Texas Politicians Make the Case for Upholding State Bans on Interracial Marriage

by Dan Quinn

In some ways, at least, that’s what it has sounded like since U.S. District Court Judge Orlando Garcia on Wednesday struck down the Texas ban on same-sex marriage. If many of  the complaints we heard from politicians and activists on the right sounded familiar, they should have: they’re essentially the same ones Americans heard when the U.S. Supreme Court struck down state bans against interracial marriage nearly five decades ago.

Gov. Rick Perry insisted on Wednesday that “the 10th Amendment [to the U.S. Constitution] guarantees Texas voters the freedom to make these decisions.” U.S. Sen. Ted Cruz complained that Judge Garcia’s decision is a “troubling display of judicial activism” and that “unelected judges should not be substituting their own policy views for the reasoned judgments of the citizens of Texas.” Others joined in with similar denunciations of “judicial activism” and calls to respect state sovereignty over marriage.

Railroad Commissioner Barry Smitherman, who is seeking the Republican nomination for state attorney general this year, portrayed the court’s decision as “disastrous” and made a religious case for upholding the ban on same-sex marriage:

“Some liberal, unelected federal judges with lifetime appointments seem to be missing the point that not only is there a rational basis for our constitutional definition of marriage, there is a compelling governmental interest in maintaining core Judeo-Christian values here in Texas. From the founding of the Republic, states have always maintained the right to define marriage.

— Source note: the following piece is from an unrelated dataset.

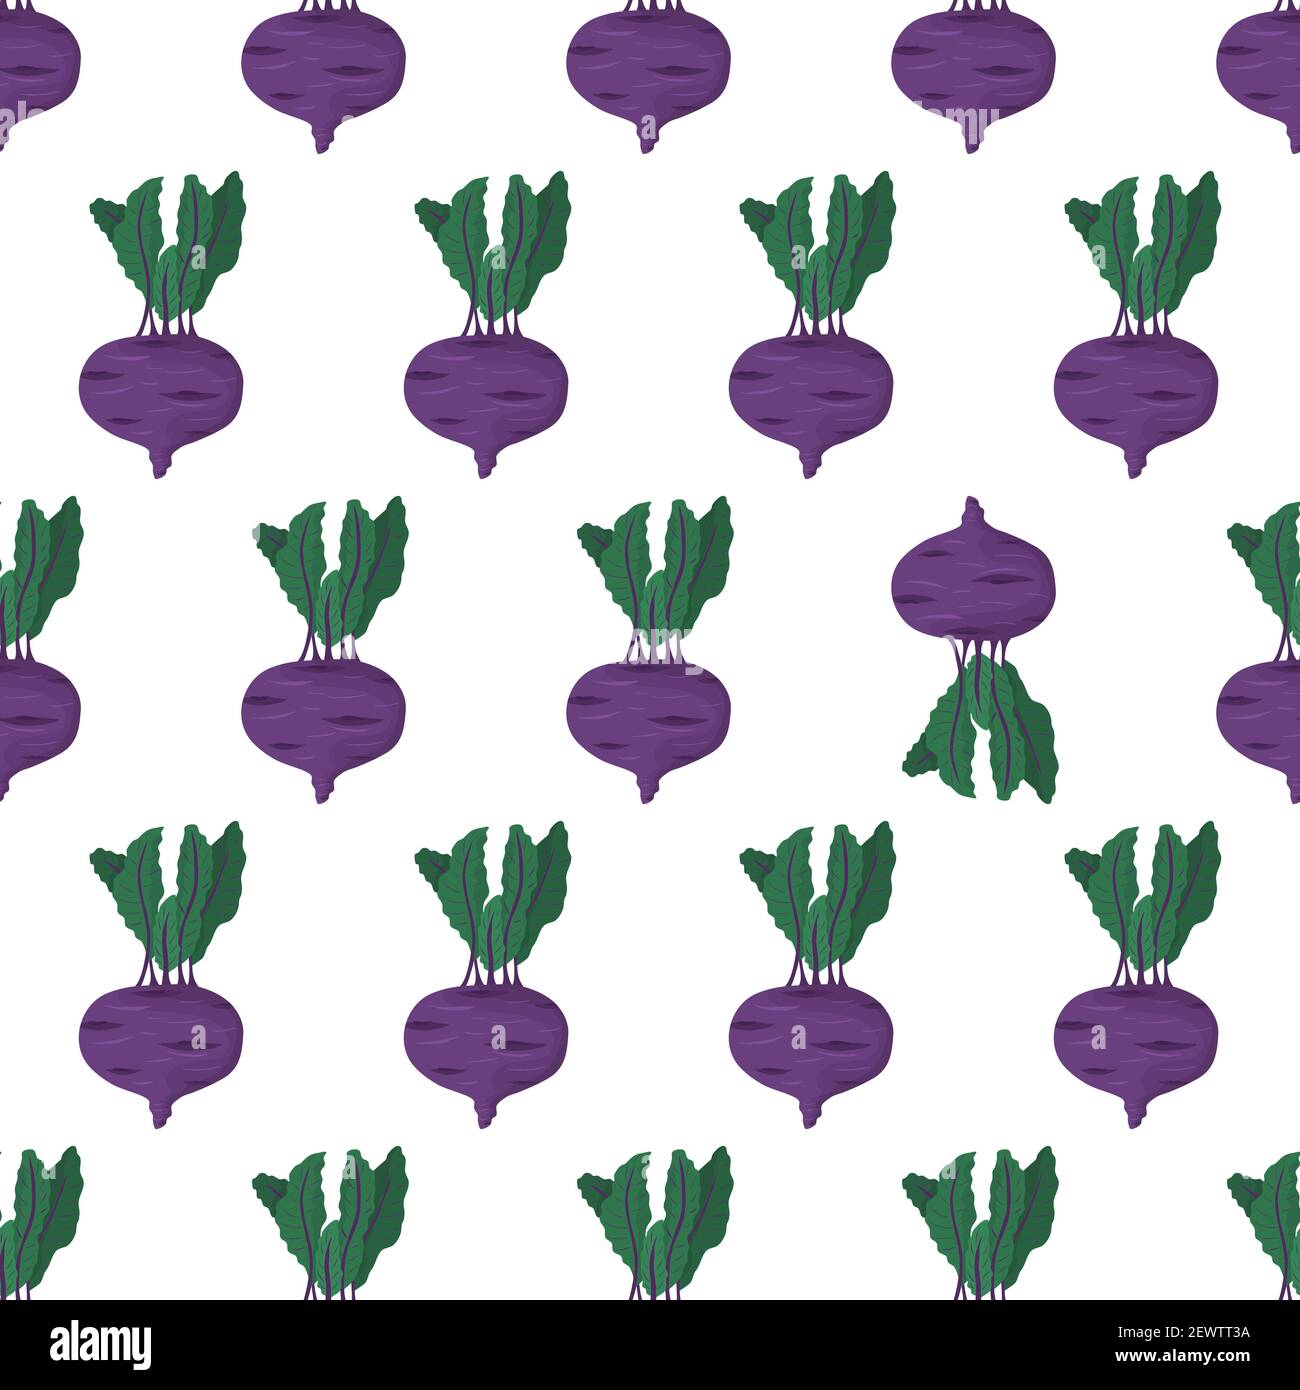 Cartoon nahtlose Muster für Papier-Design mit lila Kohlrabi Wurzel mit grünem Blatt. Farbenfroher Hintergrund. Auffälliges Element - invertiertes Gemüse. Stock Vektor

Whether it was a proscription on the ability of people to marry a first or second cousin or some other family member, or a prohibition on children getting married, states have always rightfully been the ones to define who could and who could not marry.”

All of those arguments essentially followed the script used by opponents of interracial marriage when the U.S. Supreme Court considered state bans on such unions in the 1967 Loving v. Virginia case. Like Smitherman, the Virginia judge who initially heard the case against Mildred and Richard Loving referenced religious beliefs as a rationale for the state barring interracial marriage:

“Almighty God created the races white, black, yellow, malay and red, and he placed them on separate continents…. The fact that he separated the races shows that he did not intend for the races to mix.”

Like Gov. Perry and Cruz, the Virginia Supreme Court of Appeals — in upholding the state law barring the Lovings from marrying each other — insisted that states alone have the right to make decisions on marriage. As the U.S. Supreme Court noted in the Loving decision, the Virginia court “reasoned that marriage has traditionally been subject to state regulation without federal intervention, and, consequently, the regulation of marriage should be left to exclusive state control by the Tenth Amendment.”

In addition to warning about the “mongrelization” of the races, some critics in 1967 (and still today) worried aloud about the children of interracial couples — much the same as critics today insist that children of same-sex couples are at risk (despite ample evidence to the contrary).

Partly because this is an election year and partly because right-wing pressure groups have so much invested in demonizing LGBT people and their families, we expect the rhetoric surrounding Judge Garcia’s decision will remain heated for a while. But we suspect that, in the end, history will judge Perry, Cruz and other like-minded politicians as harshly as it does those who denounced interracial marriage and Loving v. Virginia in 1967.